Zelas chooses to tell Minnie’s story with a wide variety of voices: Minnie, the defence lawyer, the policeman, witnesses, even the infamous hat box where Minnie hid the baby who died on a train from a laudanum overdose. (Hatboxes became known as ‘Minnie Deans’ and subsequently went out of fashion.) These imaginative voices bring the story to life, and give a contemporary perspective to a time when being an unmarried mother brought shame and ruin to many. One letter to the paper says, ‘it would be far better / for the country if there was state punishment / for the crime of illegitimacy of such a nature / that both sexes would remember it with fear / to the end of their lives.’ Missing from the story are the voices of the babies who died. That imaginative rendering of what we cannot know would have taken the story to a deeper level.

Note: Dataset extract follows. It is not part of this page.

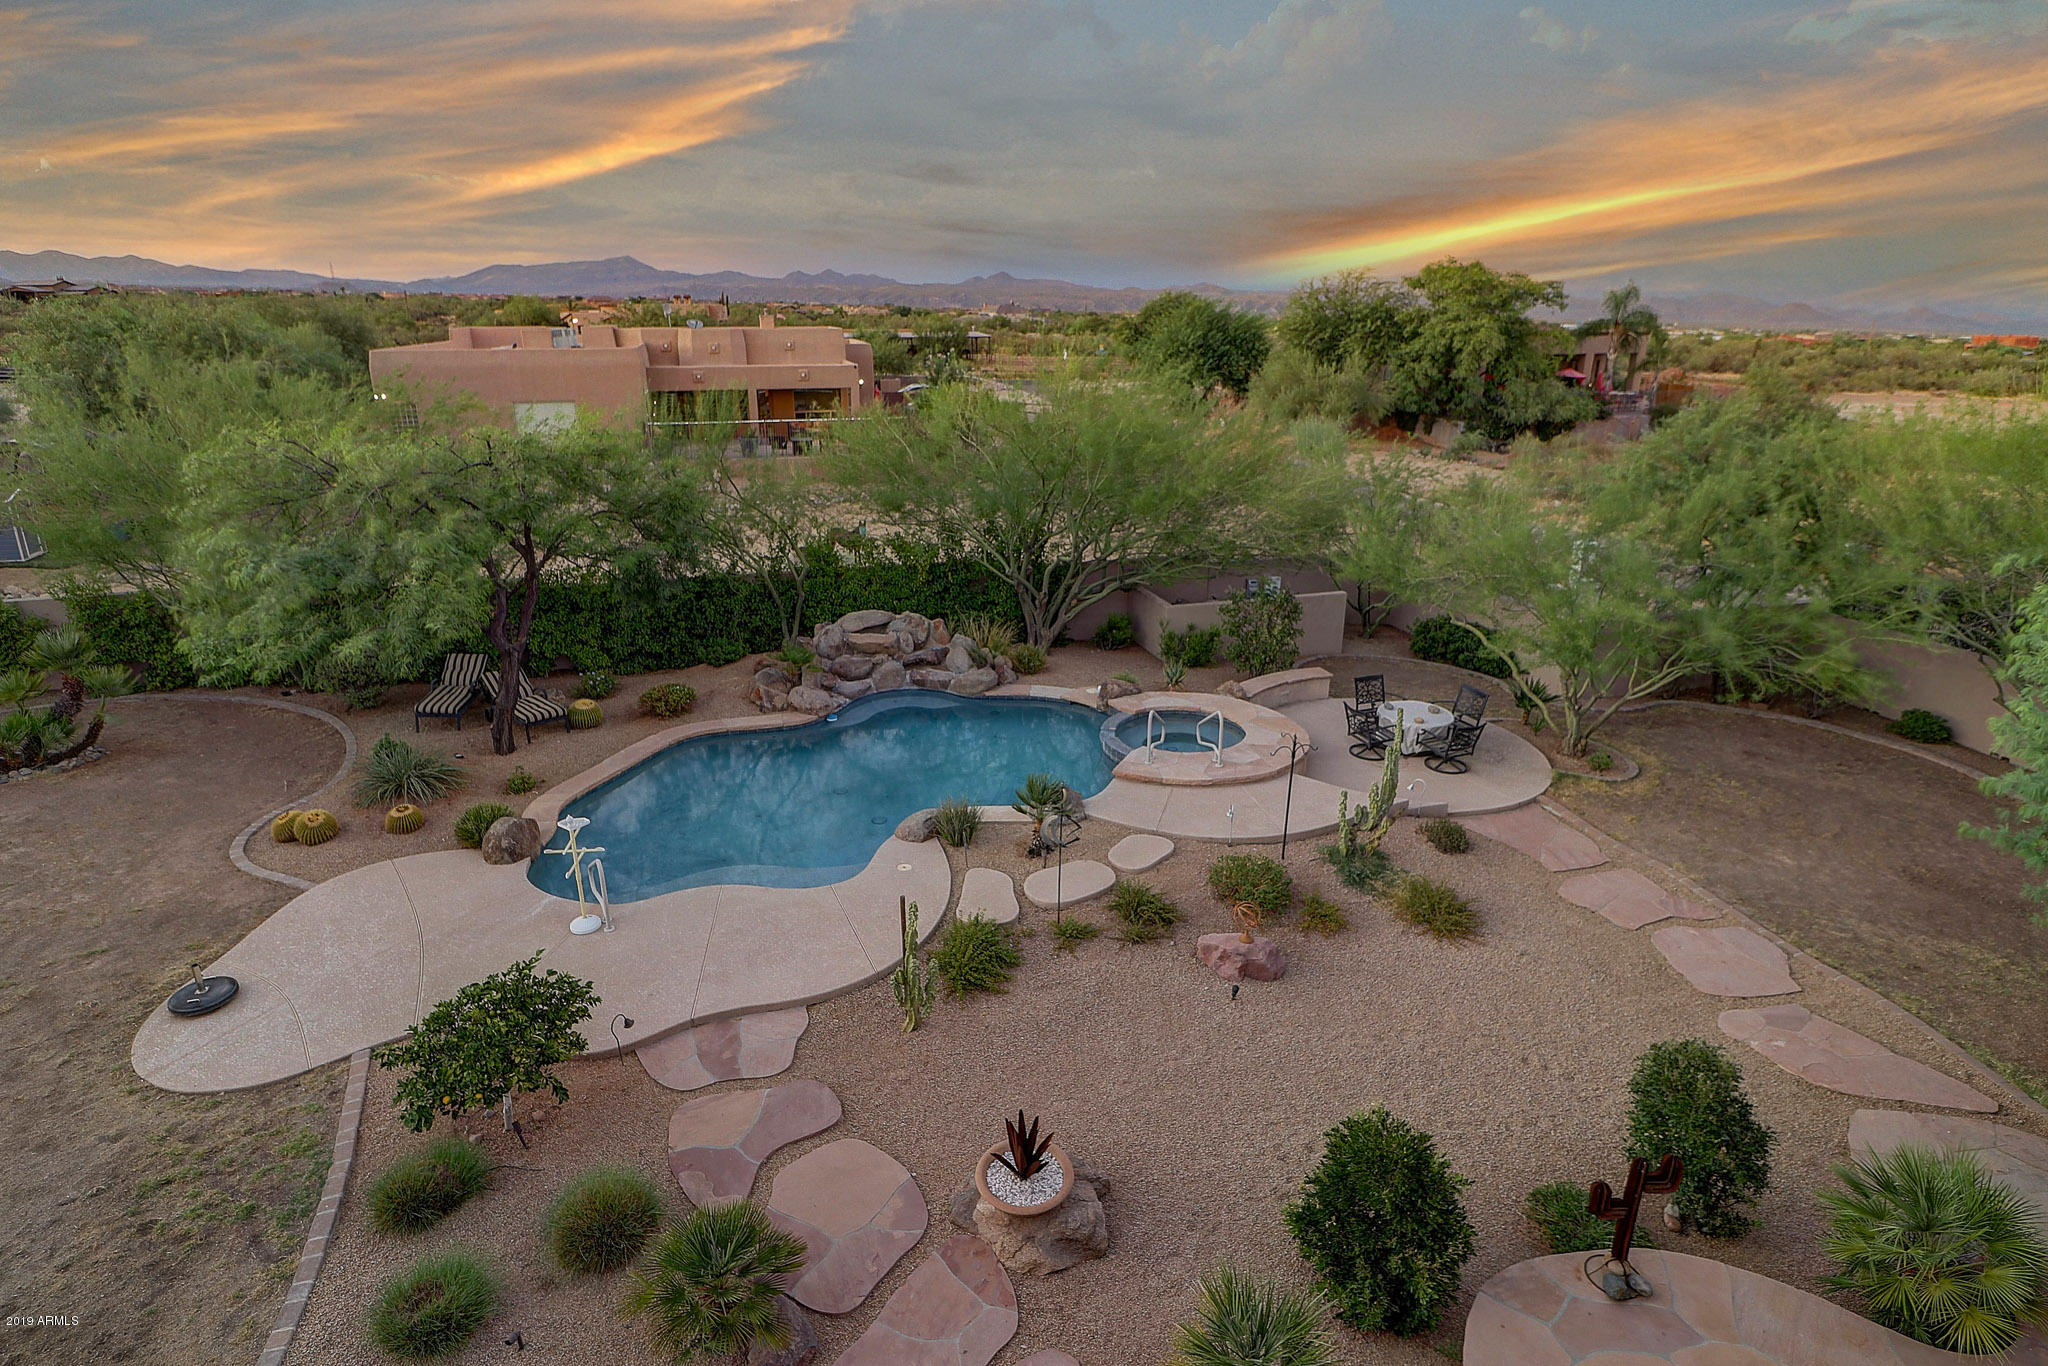 MLS 5972190 29620 N 142ND Place, Scottsdale, AZ 85262 Scottsdale AZ Private Pool

It is no small feat to condense a historical story like this, from the origins of Minnie’s life in Greenock, Scotland, a town beset with disease where infant mortality was familiar, to a Virtual Intertemporal Appeal Tribune in the 21st century where Zelas (retired psychiatrist and psychotherapist) interviews witnesses and takes the facts into account. The trickier part is to render the story in poetry. Some found poems – for instance the letter above, and a reduction of an editorial in the Southland Times from 24 June 1985 – don’t quite work. The lines are clunky: ‘for years this woman has been receiving / the offspring of moral guilt & when / all money that could be obtained / on their account was secured …’ However, they do record the sentiments of the time.
Verse biography or memoir has to negotiate between historical facts and imagination, between prose and poetry. It is not uncommon for reviewers to critique amalgams for being too prosy. In The Trials of Minnie Dean the story appears to be privileged over the language: that is, few lines are lyrical or quotable. But if one takes this book as a whole, it is easy to admire the economy and compression with which Zelas reveals Minnie Dean and her times. Mākaro Press is to be congratulated for the beautiful book design and the terrific typesetting, which add a further perspective.
DIANE BROWN runs Creative Writing Dunedin. She is the author of Before The Divorce We Go to Disneyland, Learning to Lie Together, If the Tongue Fits, Eight Stages of Grace, Liars and Lovers, Here Comes Another Vital Moment and Taking My Mother to the Opera.